More about the day and how you can join up is here;

Come on you Rs

The new season is underway and we will be cheering on Jimmy Floyd Hasselbaink and all our playing squad.  We look forward to some great wins, and great performances.

We also know it’s a difficult league and we have a mix of experienced players and others with potential, in a club which is, sensibly, trying to live within its means.  All we ask of the players and team management is that they work hard and do the best they can for the hoops, in preparation and from kick-off to the final whistle.  It will be a long season and we hope all QPR supporters will get behind the team throughout the season.

QPR1st welcome show of support by club for our Polish community

The club have invited representatives from our local Polish community to attend the first match of the season, following the Polish community centre being daubed with graffiti after the Brexit vote. We fully support this gesture and QPR’s public commitment to challenging racism.

Support for former players?

QPR1st Supporters’ Trust welcomes the Club’s announcement of the Forever R’s Club for former players and the first meeting of “Former Players Committee”. This is something that has been long advocated by fans.

QPR1st will welcome hearing whether there are any plans to expand the committee to include additional former players, including those not directly employed by QPR, and perhaps additional fans as well.

This is a start, but we urge the football club to consider how support might be provided to former players who may have served the club well but are facing hardship.

The minutes of the players’ committee state that “this would not be a Club that would provide funds to Former Players who may be ill or experiencing financial hardship. The PFA perform this role for its members”.

Other clubs have adopted a more flexible approach. Reading FC Former Players’ Association links with 200 former players and provides help “including, but not limited to, social and welfare support”.

Everton created a registered charity; The Everton Former Player’s Association. This raises funds at matches, through raffles and special events. According to the charity, money raised goes “towards the medical assistance and other requirements of former Everton players who did not have the luxury of today’s inflated wages. Some players bear the physical scars of giving their all in the Royal Blue jersey, and the Foundation contributes where it can towards medical assistance that improves the lives of these heroes of days gone by.”
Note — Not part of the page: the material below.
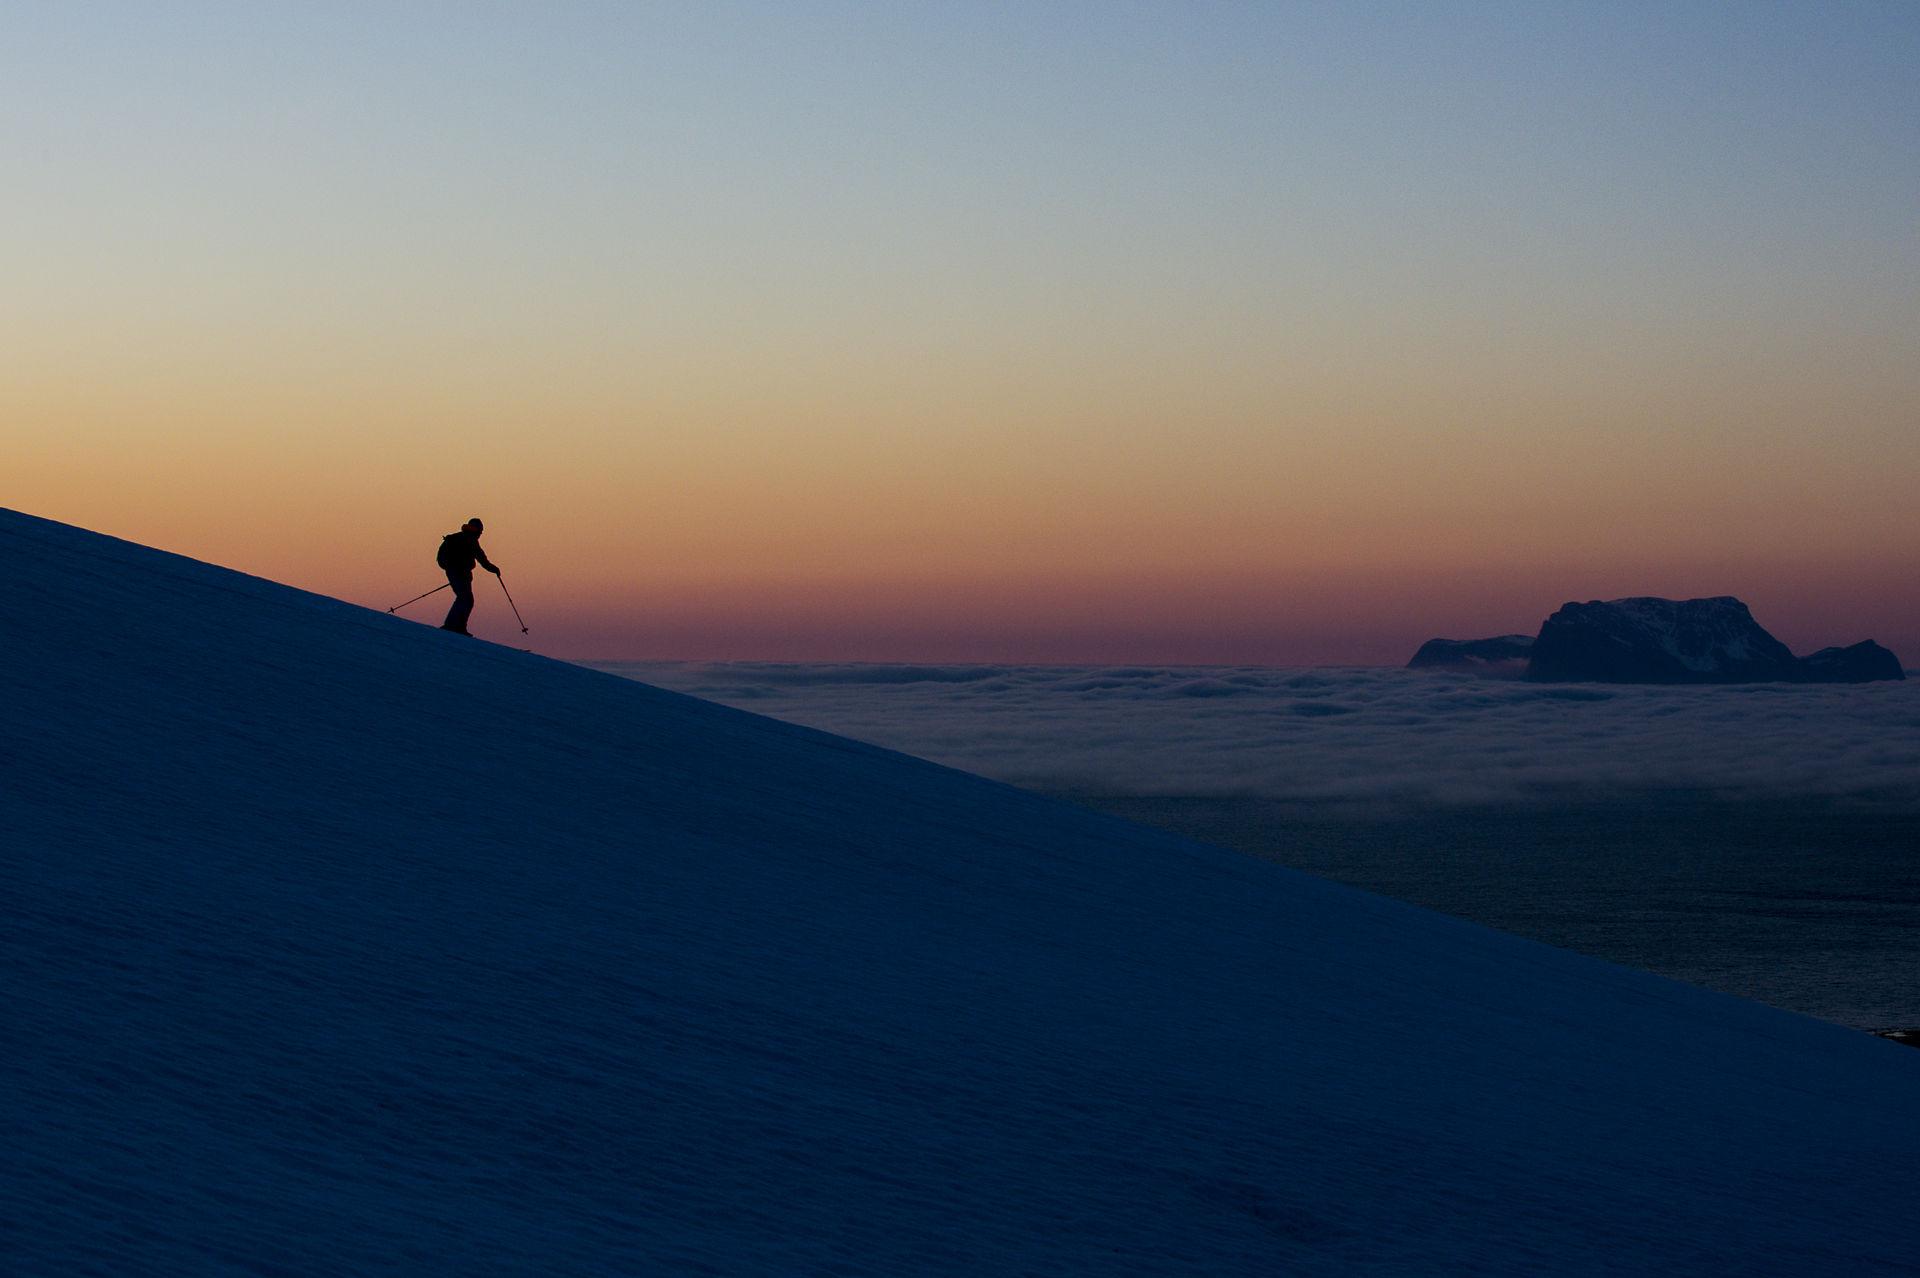 Sunset in late winter © Jesper Molin

We urge the club to look at creative solutions that could provide support to former QPR players where there is genuine need.

Planning permission at Old Oak a small first step to a new stadium?

QPR has had a plan for more than 600 homes as well as offices at Old Oak approved. This is the first significant decision made by the Old Oak and Park Royal Development Corporation – the body that will decide whether the club will be able to build a new stadium in the Old Oak area.

The new development is called Oaklands, and is being developed by the club and its partner, the Genesis housing association, on a plot of land at Old Oak.  As well as housing, the development will include a new road. This could later become a vital link road into the development area north of the canal and close to Willesden Junction station.

That road, and other pockets of land owned by QPR could prove to be important in future decision-making on proposals for Old Oak.  The club has said that it needs to have interests in housing at Old Oak as part of its plans to raise finance for a new stadium.

QPR1st Supporters Trust believes this planning permission is good news for all those who would like to see a new stadium.  It is good to see evidence of the club working positively with the planning authority for Old Oak; and showing it can deliver on housing and projects than benefit the community.

The story of QPR’s successful planning application was covered in the Standard last night:

Car Giant, who had said they would submit a planning application for their plans in December last year, have embarked on a fourth round of consultation on their plans for land thy own at Old Oak.

The new mayor of London is currently reviewing the work of the Old Oak and Park Royal Development Corporation, and is expected to make new appointments to its board later in the year.